Moving forward, it will be important for the State to balance creating more affordable homes in higher resource areas with making comprehensive investments in lower resource neighborhoods which desperately need them, and preventing displacement from lower resource areas that may become higher resource over time due to gentrification. But the need for action is clear: according to the opportunity maps, 62 percent of affordable homes in large-family new construction developments that have received 9% tax credit allocations since 2003 have been located in “lowest” resource areas—meaning the poorest and most racially segregated neighborhoods in the state[4]—and only seven percent of these homes have been located in “highest” resource areas. We can and should do more to provide a balanced set of choices to low-income families, but we also need to get the incentives right.

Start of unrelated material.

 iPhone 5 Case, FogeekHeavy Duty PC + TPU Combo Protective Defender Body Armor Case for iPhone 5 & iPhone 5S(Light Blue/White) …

[1] Special thanks to Lindsay Rosenfeld for completing this analysis, and to Steven Almazan, and Lindsey Freeland, and Hayley Raetz for their contributions when this project began in spring 2017. All are second year Master of Public Policy students at the UC Berkeley Goldman School of Public Policy.

[2] Chetty, Hendren, and Katz. 2015. The Effects of Exposure to Better Neighborhoods on Children: New Evidence from the Moving to Opportunity Experiment. The Equality of Opportunity Project. May.

[3] Sanbonmatsu, et al. 2011. Moving to Opportunity for Fair Housing Demonstration Program: Final Impacts Evaluation. Prepared for: U.S. Department of Housing and Urban Development, Office of Policy Development & Research. November.

[4] This concentration of development in lowest resource areas is partly a result of State and local policies and funding decisions that encouraged it.